2. The method of claim 1 wherein said three- dimensional projection is an orthographic projection or a perspective projection.

3. The method of any of the preceding claims wherein said mapping function is a conformal mapping function .

4. The method of claim 3 wherein said mapping function is a least squares conformal mapping function.

5. The method of any of the claims 1 or 2 wherein said mapping function is an isometric mapping function .

6. The method of any of the claims 1 or 2 wherein said mapping function is an equiareal mapping function.

7. The method of any of the preceding claims wherein said image is rendered in said parameter space by dividing said image into a plurality of halftone cells, each halftone cell comprising a plurality of said texture pixels, wherein the texture pixels of a cell are switched on or off as a function of a brightness or color level of said brightness or color image in said cell.

8. The method of claim 7 wherein a resolution of said printing pixels is sufficiently large such that, for a majority of said cells, each cell extends over a plurality of printing pixels.

9. The method of claim 8 wherein, for a majority of the halftone cells, each cell extends over a number of printing pixels being at least equal to a number of texture pixels in said cell.

10. The method of any of the claims 7 or 9 wherein an algorithm for switching the pixels of a cell on or off as a function of the color or brightness of the image at said cell is the same for all cells.

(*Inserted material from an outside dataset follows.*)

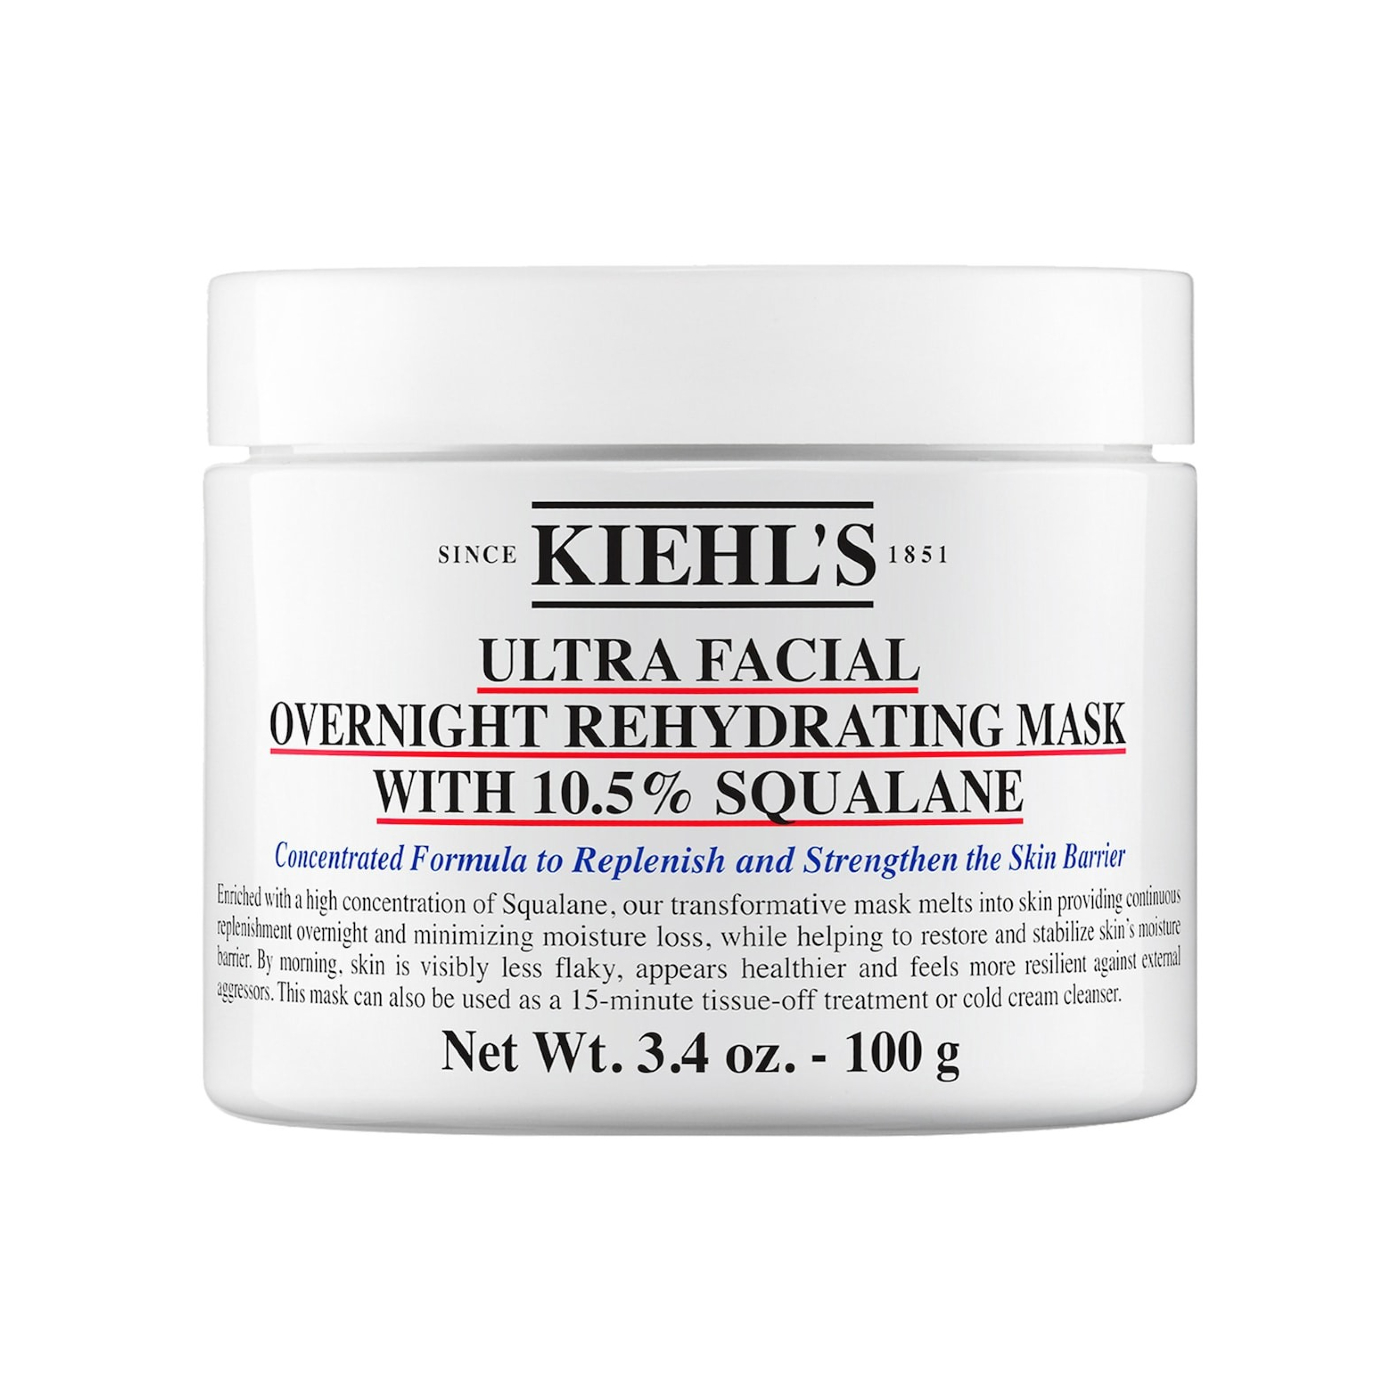 Kiehl's Since 1851 Ultra Facial Overnight Hydrating Face Mask with 10.5% Squalane

11. A method for manufacturing a series of documents using the steps of the method of any of the preceding claims for manufacturing each document, wherein a unique surface model is provided for each document

12. The method of claim 11 wherein the documents are documents of identification and wherein the surface model represents a face of the bearer.

13. The method of any of the preceding claims wherein said step of applying said printing pixels to said security document comprises a printing of said printing pixels onto said document or onto a carrier to be applied to said document.

14. A security document manufactured by the method of any of the preceding claims.